PEMBROKE PARK, Fla. – Tropical Storm Isaias is offshore from Georgia and is expected to become a Category 1 hurricane again before it makes landfall near the Carolina coastline on Monday night.
Isaias is expected to bring strong winds and heavy rainfall from the eastern Carolinas to the Mid-Atlantic coast Monday night through Tuesday.
A hurricane warning has been issued for a portion of the coast of South and North Carolina.
On the forecast track, the center of Isaias will move offshore of the coast of Georgia and southern South Carolina on Monday, move inland over eastern South Carolina or southern North Carolina Monday night and move along the coast of the mid-Atlantic states on Tuesday.
At 11 a.m. Monday, Tropical Storm Isaias was located about 90 miles east-southeast of Brunswick, Georgia, and 220 miles south-southwest of Myrtle Beach, S.C. The storm had maximum sustained winds of 70 mph and was moving north at 13 mph.
A turn toward the north and north-northeast along with an increase in forward speed is anticipated on Monday and Tuesday.
Hurricane conditions are possible in the watch area in South and North Carolina Monday night and early Tuesday.
Even though Isaias has lost its hold on South Florida’s weather pattern, Local 10 meteorologist Jordan Patrick said a few effects will linger into the week ahead. Expect mostly cloudy skies with quick-moving showers off and on overnight. These quick moving showers will continue Monday morning as well and scattered thunderstorms in the afternoon.
The storm caused storm surge flooding, landslides and damaged roofs, crops and trees in the Dominican Republic, Puerto Rico and the Bahamas.
A man was electrocuted in the Dominican Republic and a woman vanished during flooding in Puerto Rico.
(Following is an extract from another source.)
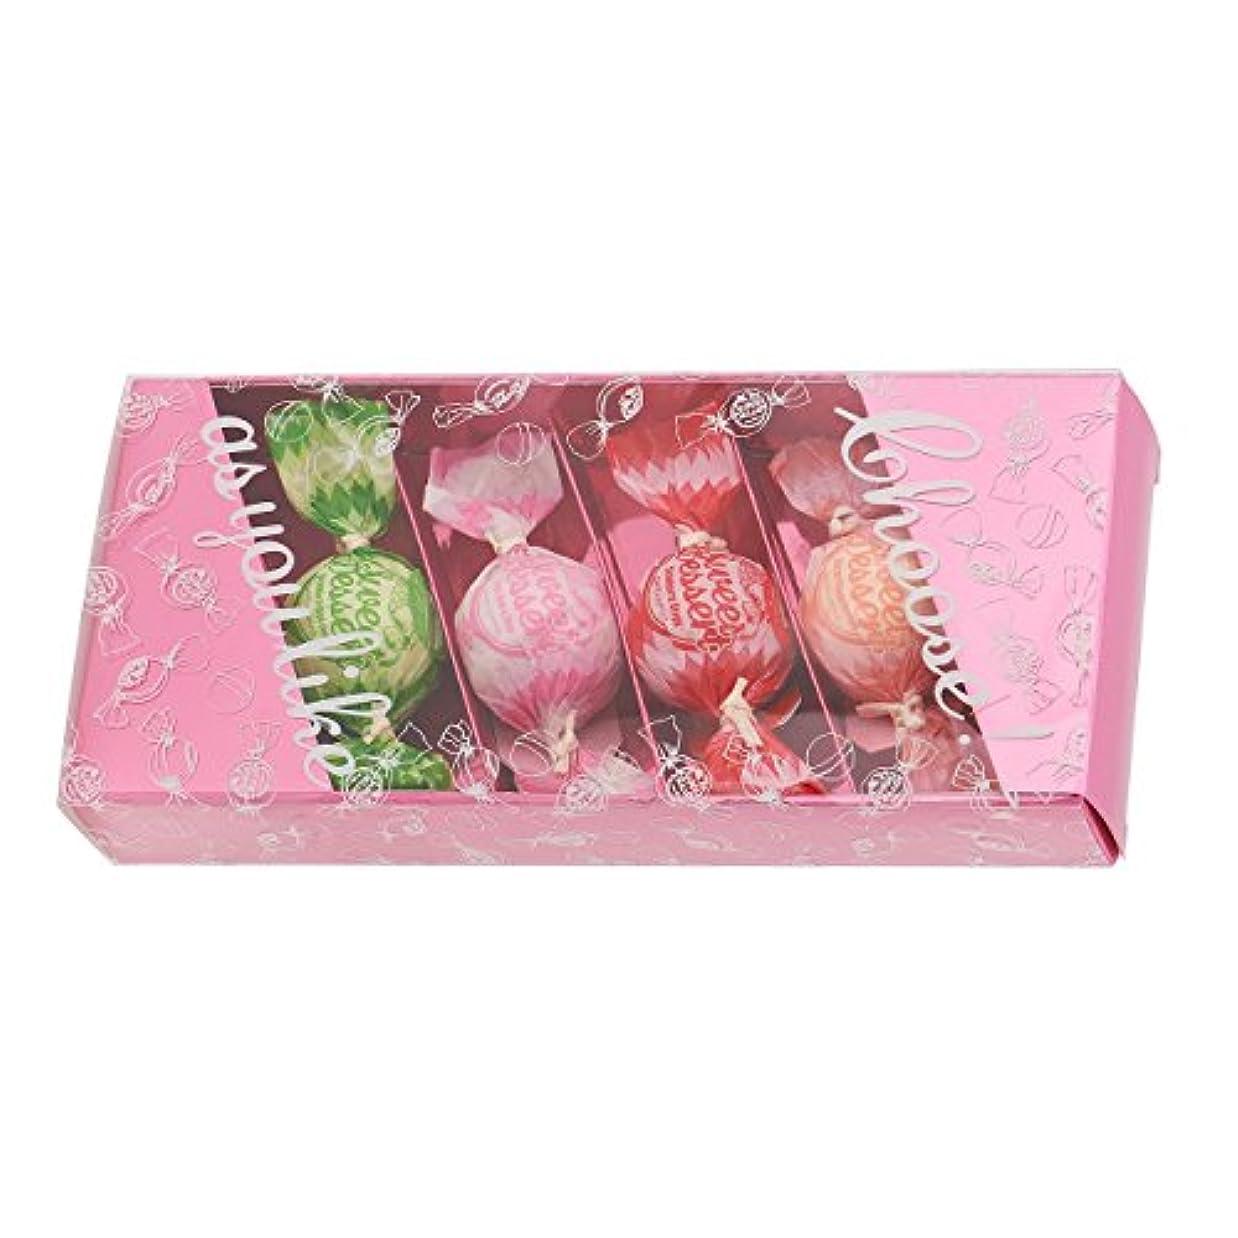 びっくりするダウンタウン調和のとれたアマイワナ バスキャンディー4粒ギフトセット(35g×4個) ピンク(発泡タイプ入浴料 バスギフト)

There were also power outages and water service disruptions.
Gov. Ron DeSantis declared a state of emergency for 19 counties in Florida, including Monroe, Miami-Dade, Broward and Palm Beach counties.
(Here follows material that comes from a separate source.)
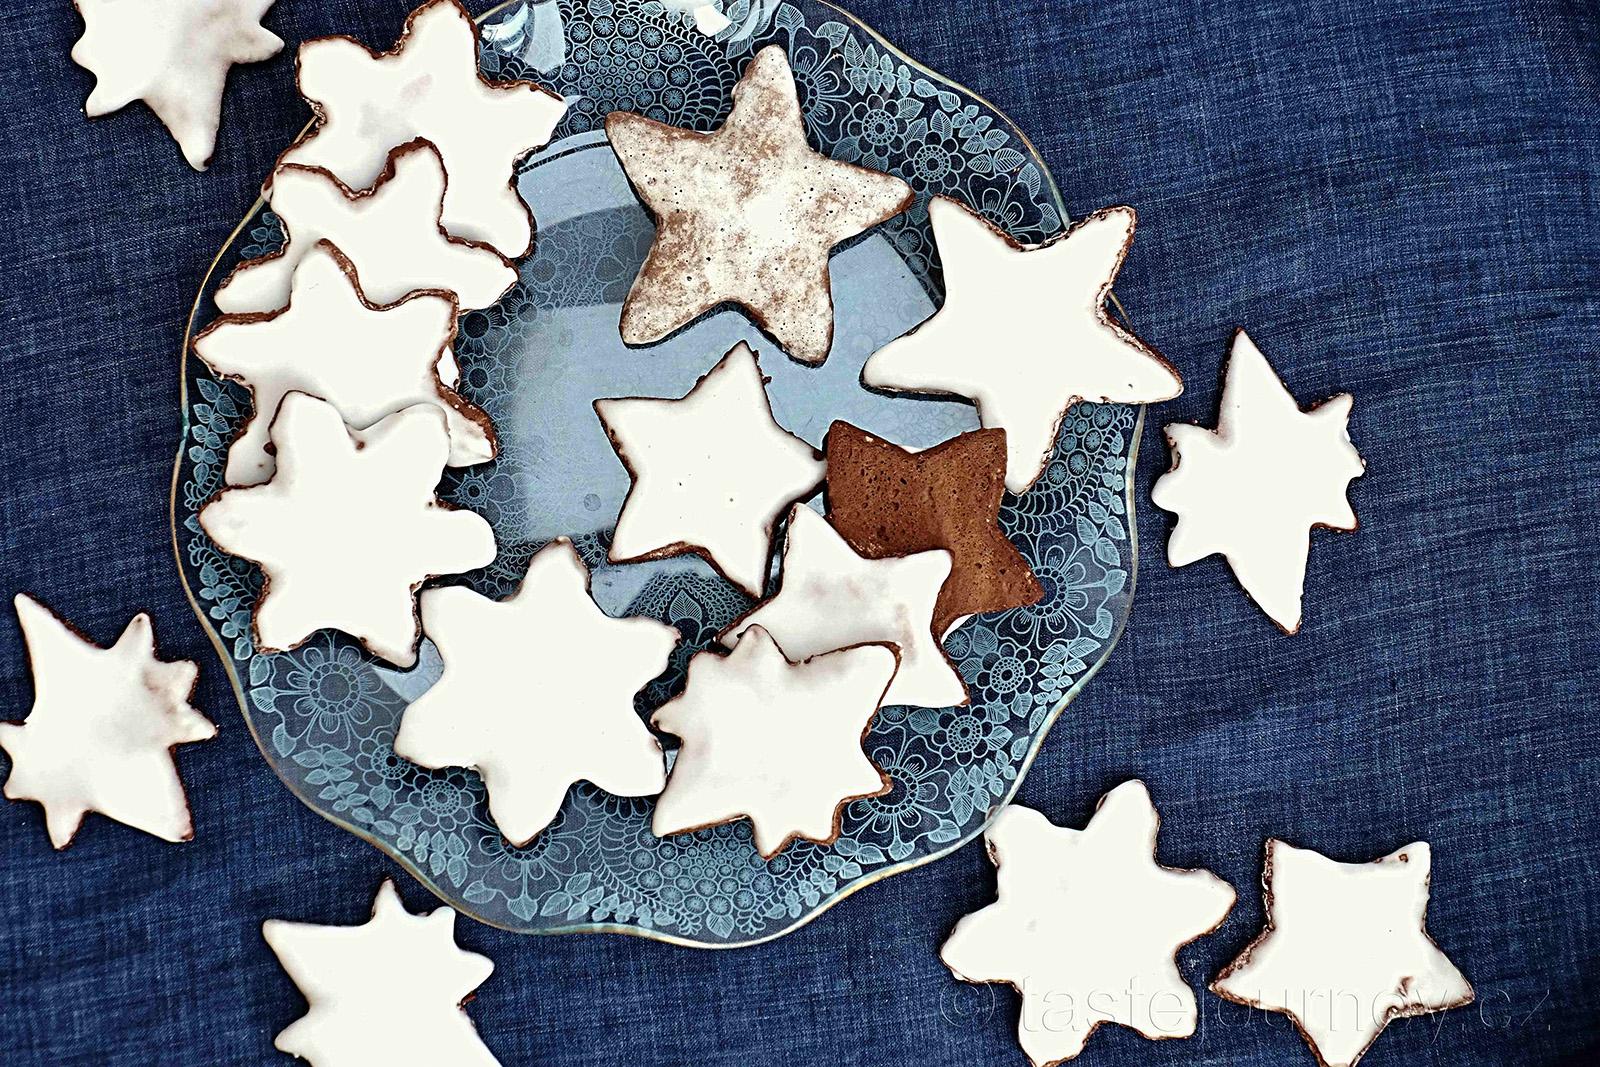 Vykrajujte různé tvary hvězd, patří totiž k Vánocům

A Storm Surge Warning is in effect from Edisto Beach South Carolina to Cape Fear North Carolina, portions of the Pamlico and Albemarle Sounds, including the Neuse and Pamlico Rivers, and for the North Carolina Outer Banks form Oregon Inlet to the North Carolina/Virginia border.
A Storm Surge Watch is in effect from Cape Fear to Duck North Carolina, Pamlico and Albemarle Sounds.
A Hurricane Warning is in effect for South Santee River South Carolina to Surf City North Carolina.
A Tropical Storm Warning is in effect from Altamaha Sound Georgia to South Santee River South Carolina, North of Surf City, North Carolina, to the Mouth of the Merrimack River, Pamlico and Albemarle Sounds, Chesapeake Bay, Tidal Potomac River, Delaware Bay, Long Island and Long Island Sound, Martha’s Vineyard, Nantucket and Block Island.
A Tropical Storm Watch is in effect from Mouth of the Merrimack River to Eastport, Maine.
Elsewhere in the tropics
The National Hurricane Center is tracking showers and thunderstorms associated with a tropical wave located a few hundred miles north of the northern Leeward Islands.
Environmental conditions are expected to be conducive for additional development during the next few days, and a tropical depression could form by the middle of the week, forecasters say.
It’s being given a 40% chance of formation chance over the next 48 hours and a 60% of formation through five days.
The system is forecast to move northwestward over the southwestern Atlantic Monday and Tuesday, forecasters say, and then stall several hundred miles southwest of Bermuda by the middle to latter part of the week.